Ripartire dal 4 agosto

Venerdì, 09 settembre 2011

Con lo sciopero del 6 settembre la distanza tra sindacati ha raggiunto il suo apice.
Sembra lontanissimo quel giorno di fine giugno, quando Bonanni, Angeletti e Camusso firmavano insieme un accordo (quello sulla rappresentanza) dopo anni di divisioni e polemiche e finalmente la Cgil tornava a dare prova di lungimiranza. Oggi sembra tutto più difficile, tutto di nuovo in salita. Sembra che quel prezioso lavoro, affossato purtroppo dall'intempestiva e solitaria proclamazione di sciopero da parte della Cgil, sia improvvisamente evaporato insieme all'altro momento di forte coesione e di capacità di incidere nelle scelte del governo come fu la elaborazione, il 4 agosto, delle Proposte delle Parti Sociali.
Il contesto però è cambiato: la crisi continua a mordere, Borsa e spread hanno dimostrato la debolezza della nostra credibilità internazionale, le agenzie di rating hanno spostato l'attenzione sui nostri conti e sulle nostre stime di crescita.
In questa drammatica situazione gli italiani non sono stati sordi; hanno ascoltato con pazienza le notizie e inteso le ragioni dei mercati, hanno compreso la straordinarietà del momento senza cadere in pericolose tentazioni populiste o in antiquate pulsioni ideologiche; si sono dimostrati maturi e responsabili, pronti a fare i dovuti sacrifici, pretendendo però equità. Ma oggi, forse per la prima volta, questo popolo, che pure continua a guardare con speranza al suo Presidente della Repubblica, non trovando una autorità credibile a cui fare affidamento dei propri sacrifici, ha la sensazione di essere solo.
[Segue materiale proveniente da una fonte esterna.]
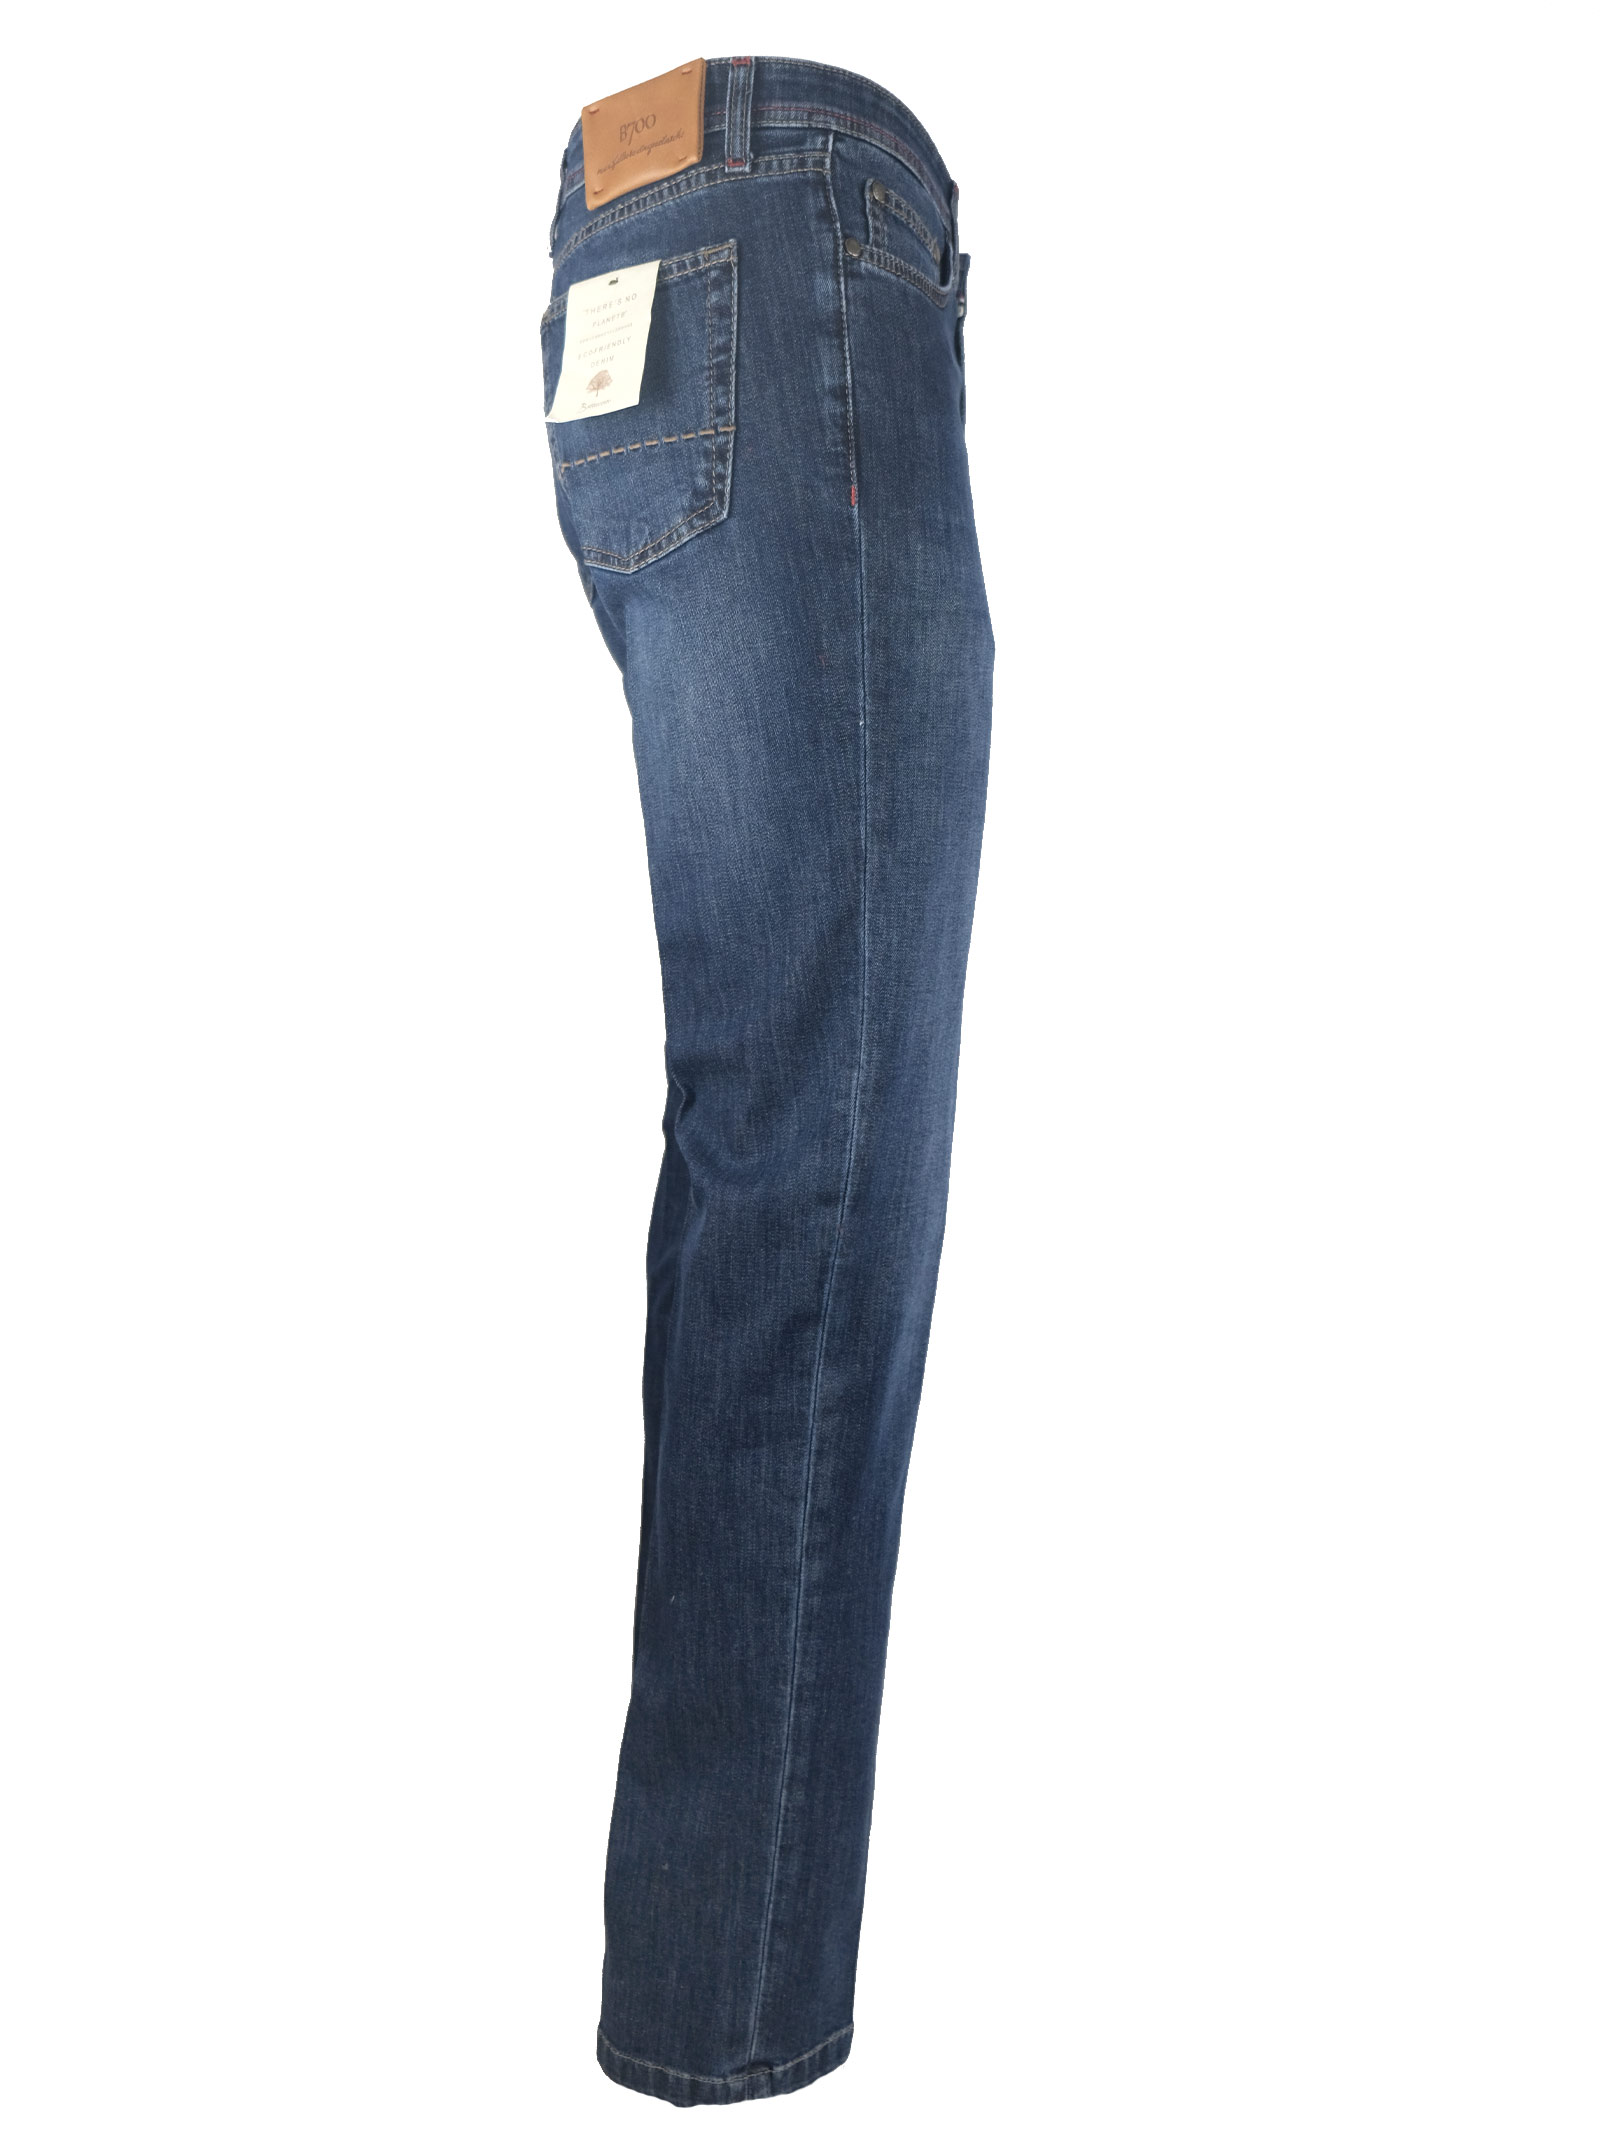 JEANS LEGGERO 8 ONCE B700   Jeans   JR704 9026109

Inevitabilmente ciò ha prodotto un senso di frustrazione, rafforzato dalla sensazione che si continui a perdere tempo, che si siano bruciati miliardi in continui ripensamenti. E tutto ciò in uno stucchevole gioco di mosse e contromosse tra maggioranza e opposizione, tra lobby e consorterie, tipico di fazioni piuttosto che di attori consapevoli della realtà.
La nostra considerazione è che manca la Politica, quella con la P maiuscola, perché oramai è chiaro che non si tratta solo di saldi contabili o di tasse, di pensioni o di imposte sul valore aggiunto. Aggiungiamo che se l'intero sistema politico non ritrova una nuova coesione non potremo avere che ulteriori e peggiori problemi.
I ripetuti appelli del Presidente Napolitano impongono una discontinuità nell'atteggiamento di tutti, per evitare che la già fragile coesione sociale, messa duramente alla prova dalla crisi economica e da un ventennio di risse e delegittimazioni continue, rischi di deflagrare definitivamente.
La mediocrità del dibattito impedisce anche di reagire ai richiami internazionali: ben più di una pessima prova di rispetto per le istituzioni nell'anno del centocinquantesimo anniversario dell'unità d'Italia.
Ma c'è un punto sul quale diventa possibile riannodare il filo del confronto ed è quello legato alla comprensione del come è stato possibile arrivare a tanto; del perché, utilizzando ancora una volta le parole di Napolitano, "si è ritardato ed esitato ad affrontare più risolutamente, con coerenza e continuità, il vincolo, che doveva essere allentato e sciolto, del pesante debito pubblico accumulato in precedenza".
Ognuno deve fare la sua parte oppure a dimettersi se non ne ha le forze, Presidente del Consiglio compreso. Le Parti Sociali, tutte, devono ripartire dai comuni propositi del 28 giugno e dal 4 agosto, riaffermando la via del lavoro per salvare il Paese e chi rappresentano. In blocco dobbiamo poi pretendere che, con un accordo, il governo ed il Parlamento facciano proprie queste istanze e richieste. E dobbiamo farlo nei prossimi giorni.